Brown, in his first year with the Marlins after spending the last four seasons as the Los Angeles Dodgers’ hitting strategist, has a penchant for simplifying complex topics. He uses visual aids and heat maps to boil down advanced analytical data to its simplest parts.

It’s a key part of his job, along with assistant hitting coaches John Mabry and Jason Hart, to put the team’s hitters in the best spot for success. The offense’s production is magnified even more now as the team makes its final push for a playoff spot.

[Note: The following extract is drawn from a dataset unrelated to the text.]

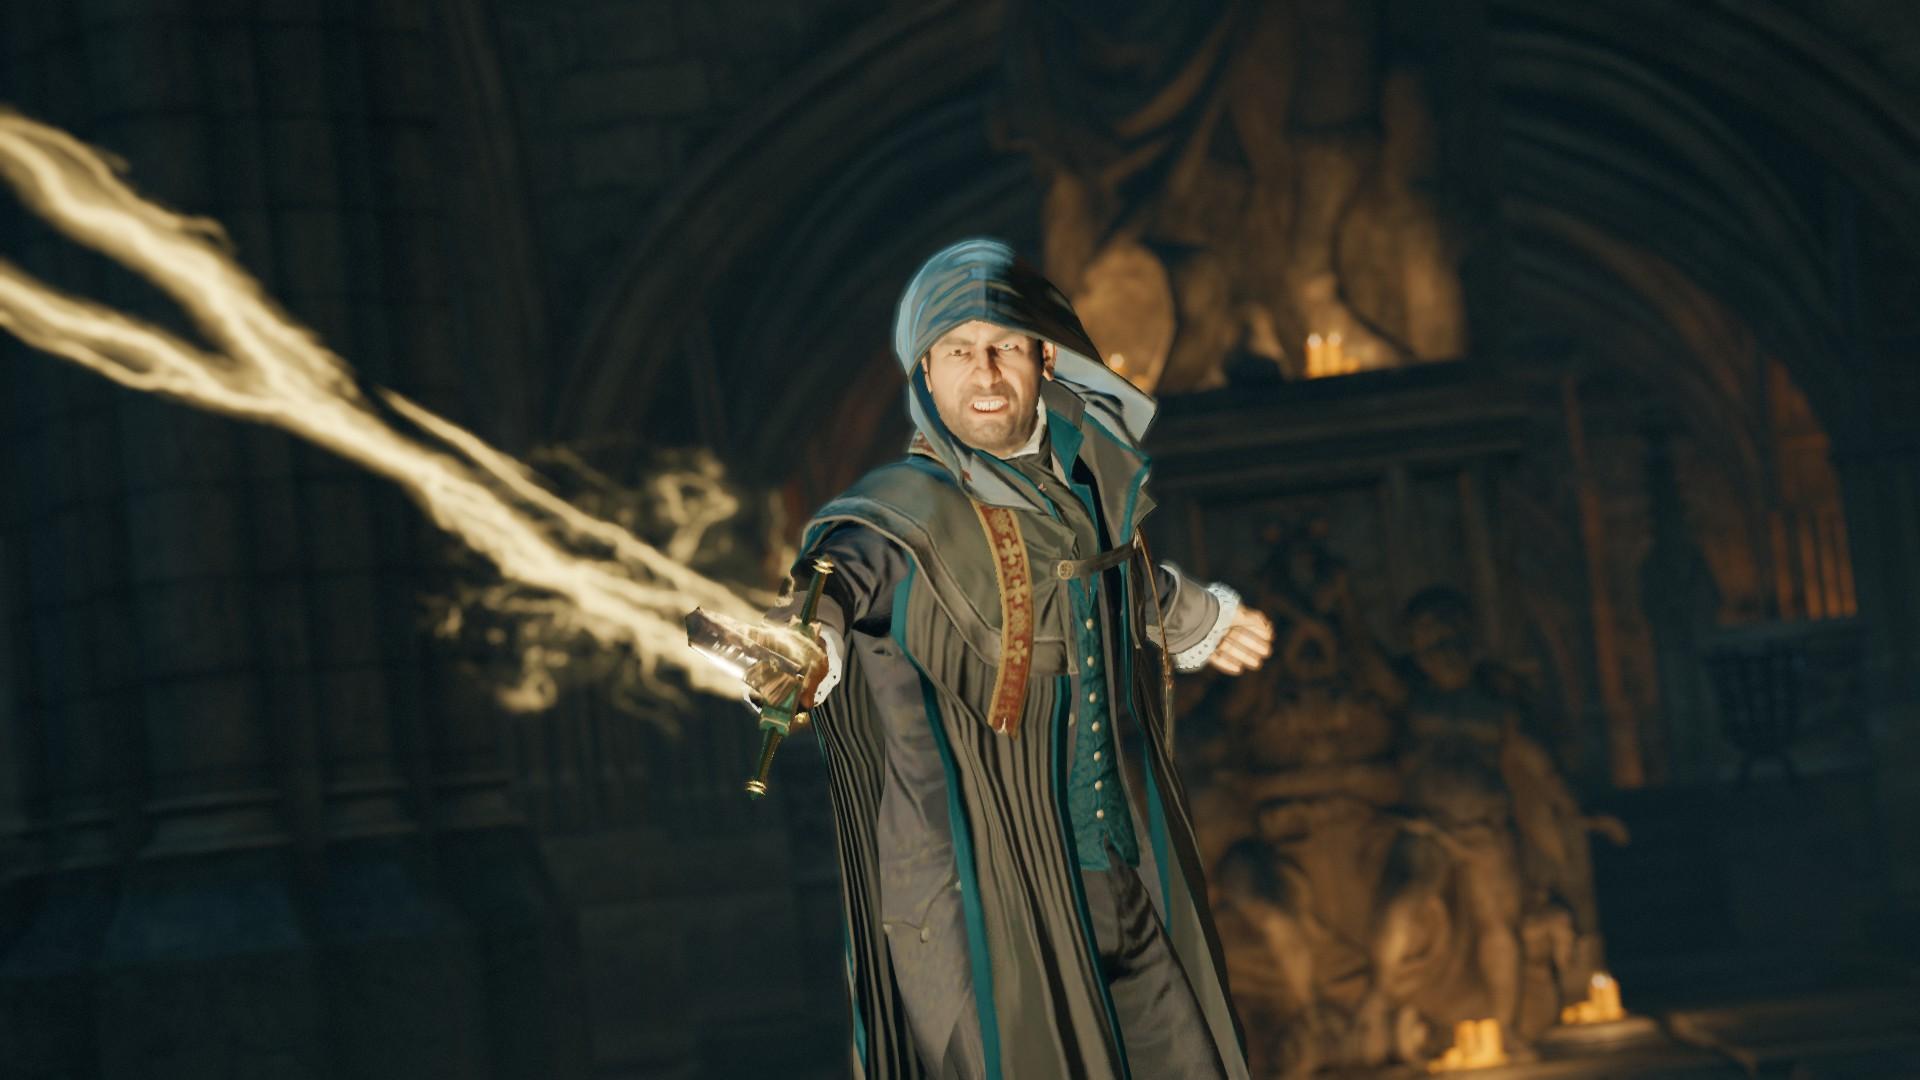 François-Thomas Germain   Assassin's Creed Wiki   Fandom

“We [the coaches] use the information but then we dumb it down into pictures and words,” Brown said in an interview with the Miami Herald this weekend after the Marlins’ four-game sweep of the Washington Nationals. “You take the machine and then you put it in and then you come out and say it like a human. in ways that players of today can basically digest. You use videos. You use simplistic pictures. You talk through stuff. It’s just transforming the information.”

Players bought in early to his philosophy, Brown said, and the offense has had an uptick in production this season. Here’s a breakdown of how the Marlins’ offense has fared this season, entering Tuesday’s series opener against the Los Angeles Dodgers, compared to its results from the 2022 season.

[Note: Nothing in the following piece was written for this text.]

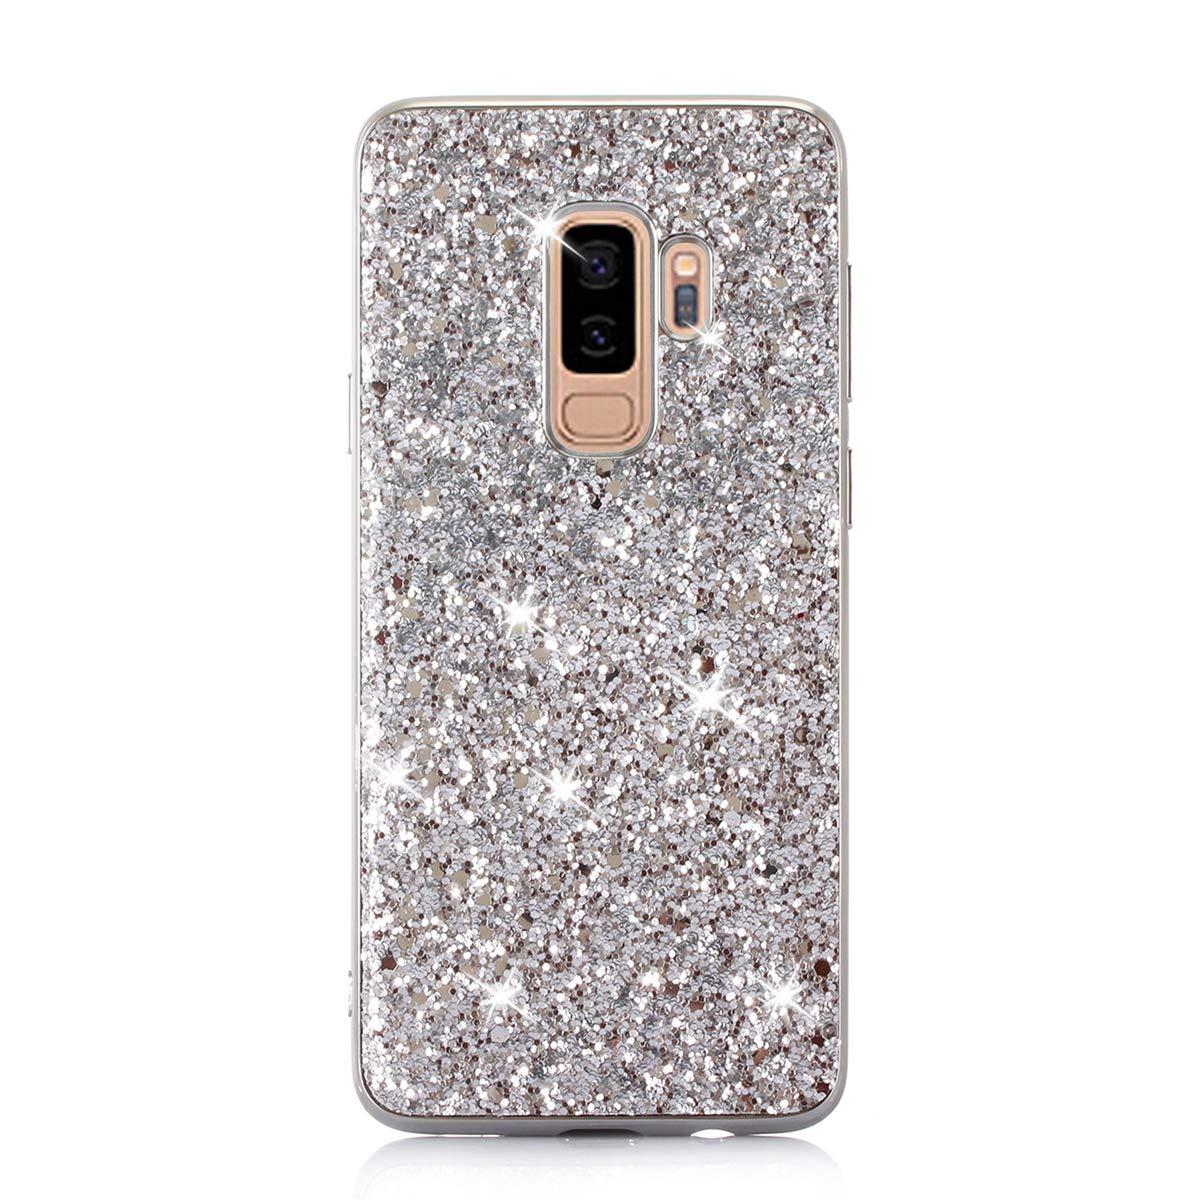 Felfy Coque Samsung Galaxy S9 Plus,Coque Galaxy S9 Plus Glitter Etui,Samsung S9 Plus Glitter Luxe Bling Shiny /Étincelle Paillette TPU Silicone /& PC Bumper Ultra Slim Anti-Choc Couverture,Bleu

Batting average: .260, up from .230

Runs per game: 4.08, up from 3.62

Strikeout rate: 21.1 percent, down from 24 percent

Batting average on pitches in the strike zone zone: .296 (sixth best in MLB), up from .265 (sixth-worst in MLB in 2022)

Overall swing-and-miss rate: 24.2 percent, down from 26.9 percent.

Games with at least six runs scored: 35 (with 25 games left to play), compared to 31 last season

Games with one or zero runs scored: 24 (with 25 games left to play), compared to 38 last season.

But despite the improvements, the Marlins still have plenty of room to improve. The Marlins have hit into the most double plays of any team in baseball (135, 17 more than the second-place Atlanta Braves) and are among the bottom third of the league with runners in scoring position (.245 average, .691 OPS). Since the All-Star Break, their situational hitting has gone into a tailspin, with the team hitting just .199 with runners in scoring position in the second half of the season.

Brown mentioned two specific areas where he still sees the team needing to make significant strides.

First, it’s OK to have productive outs. Success isn’t always defined by a base hit if the hit doesn’t drive in a run.

“Understand what the game is calling for,” Brown said. “It’s OK with the infield back, a runner on third and less than two outs to just ground out.”

Second, it’s OK to draw walks. The Marlins are walking at just a 6.9-percent clip this season, down from 7.3 percent last season.

“We have to learn how to like walks,” Brown said. “We just don’t like to walk. We put the ball in play and we don’t strike out as much. Last year, it was high-strikeout and no walk. We’ve hit into more double plays because of the contact rate, but if we don’t get hits, we don’t win because we don’t walk. The minute we can start looking over a baseball and understanding that all pitches aren’t created equal and pitchers don’t always throw a strike with a 3-2 count, we can get on base via the walk.”

The Marlins saw glimpses of what went right for them in the first half in their four games against the Nationals. They scored 31 runs and logged 50 hits — including 14 extra-base hits — over the course of the series.

“Hitting and winning are contagious,” Brown said. “I think the biggest thing we talked about is don’t worry about the future and the playoffs. We play better when we execute. We’re energetic. We’re loud. We’re a little bit crazy. That was one of the messages. Just be loose, be loud and do your job.”